How can I dump my server's FreeBSD install to a single .img to my workstation, using SSH from the server to my workstation or from my workstation ssh-ing to my server?

I've previously dumped individual partitions to single .tar.gz files, but I'm not sure how to combine (and convert?) to a single .img file. Is this possible? 


Thanks

nx


----------



## vermaden (Dec 7, 2010)

I have used that recently, but with SLES, the procedure was as follows:
1. Create virtual machine with needed resources
2. Boot that virtual with LiveCD
3. Create and mount needed filesystems on virtual machine (for example under /NEW path)
4. Start *sshd* daemon on virtual machine and allow root login
5. On the physical server You want to move type: # tar -czf - /* | ssh -c blowfish root@vm "tar -C /NEW -xzvpf -"
6. Edit differences in /etc/fstab on the virtual server
7. Eventually reboot and check what else needs to be tweaked, if needed, boot again with LiveCD and fix needed things


----------



## nx (Dec 7, 2010)

*Thanks Vermaden*

Vermaden that's awesome advice!

I'll give this a try in the next couple of days and post back if I get in a muddle.

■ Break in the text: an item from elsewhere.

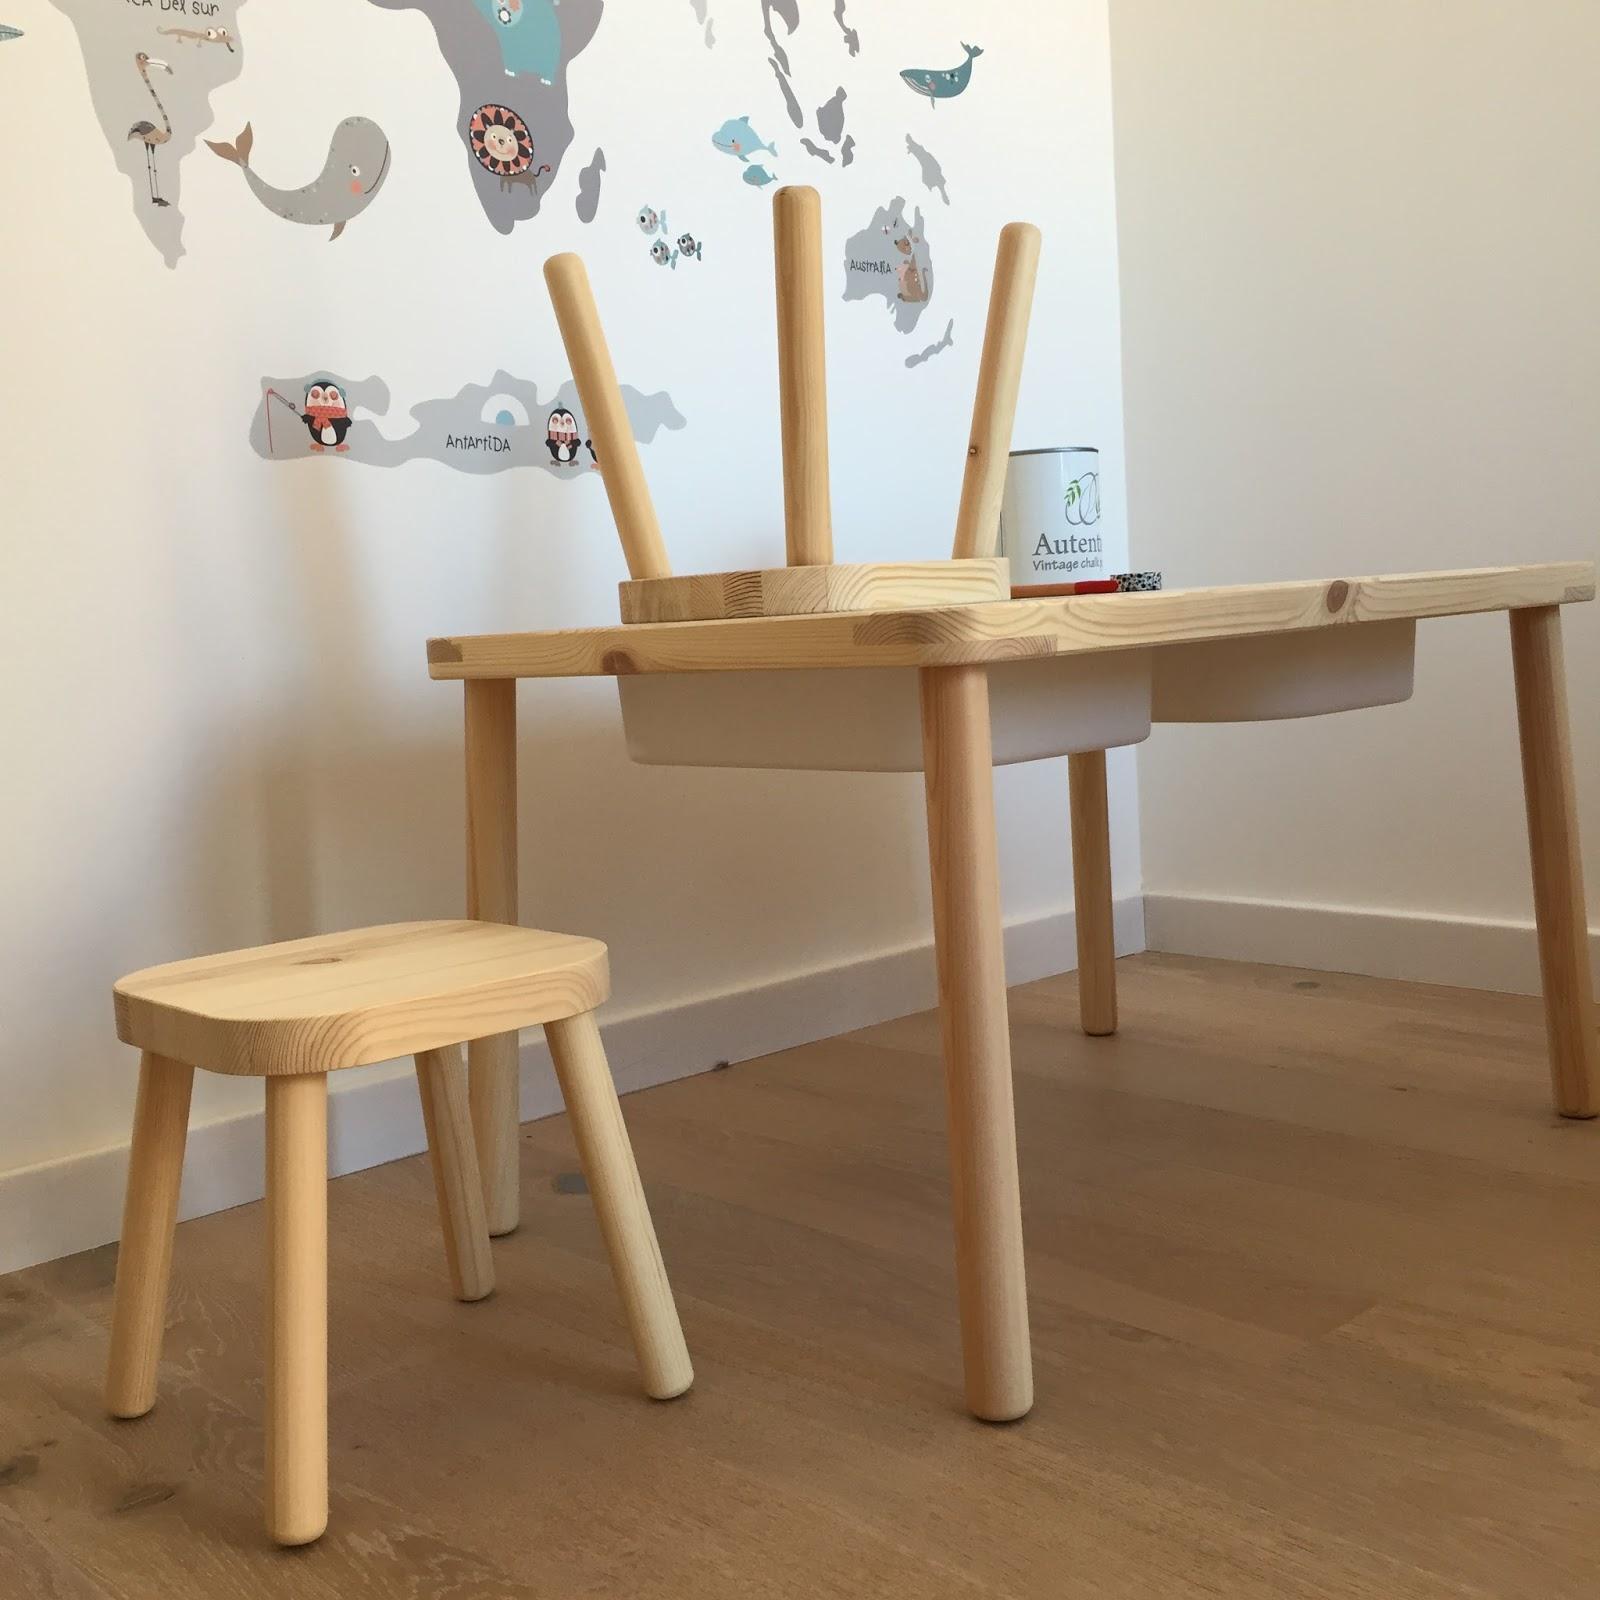 Estoreta quotidien diy muebles montessori de ikea con un - Patas para muebles ikea ...

Haha.

Though your ssh command looks perfect (thanks again), the only bit I'll probably have difficulty with is creating the vm's address to be accessible outside VirtualBox (from the server), but I should be able to work this out with a little trial and error.
Advice to do this would probably qualify this thread to have [Solved] stamped on it immediately. 

Many thanks again!

nx


----------



## wblock@ (Dec 7, 2010)

It's really only a variation of backing up and restoring a system.  dump via SSH from my backup article shows an example.  Also see the next section, restore(8) Over A Live System.


----------



## nx (Dec 7, 2010)

*Thanks wblock*

Thanks wblock, that had occurred to me too, though only after vermaden advised his method. LOL

I must thank you for your 'Backup Options For FreeBSD'.
It's an excellent guide that I had stumbled on a while back and I wish I had sooner!
I recommend anyone reading this thread to check it out. It's clarity in covering some complex processes is masterly.

For now I'm going to attempt vermaden's advice, but as I already have some servers dumped to individual partition files (most bzip2 - don't ask me why), I wonder if you could answer the 2 questions I asked at the start of this thread:

1. 
How can I dump my server's FreeBSD install to a single .img to my workstation, using SSH from the server to my workstation or from my workstation ssh-ing to my server?
Is it possible to dump to a single dump file and then convert this to a .img file?

2. 
I've previously dumped individual partitions to single .tar.gz (and other server's partitions to bzip2) files, but I'm not sure how to combine (and convert?) to a single .img file. Is this possible?

If I could do 2., this would make converting dumps to .vdi files much quicker than having to follow vermaden's excellent advice to dump each server again, and be valuable info for anyone else in a similar situation.

Or I guess I could simply follow your excellent guide to restoring the individual dump files I have to a virtual machine created with the LiveCD, which is I guess is what you are recommending. Haha

Thanks,

nx


----------



## wblock@ (Dec 7, 2010)

nx said:
			
		

> 1.
> How can I dump my server's FreeBSD install to a single .img to my workstation, using SSH from the server to my workstation or from my workstation ssh-ing to my server?
> Is it possible to dump to a single dump file and then convert this to a .img file?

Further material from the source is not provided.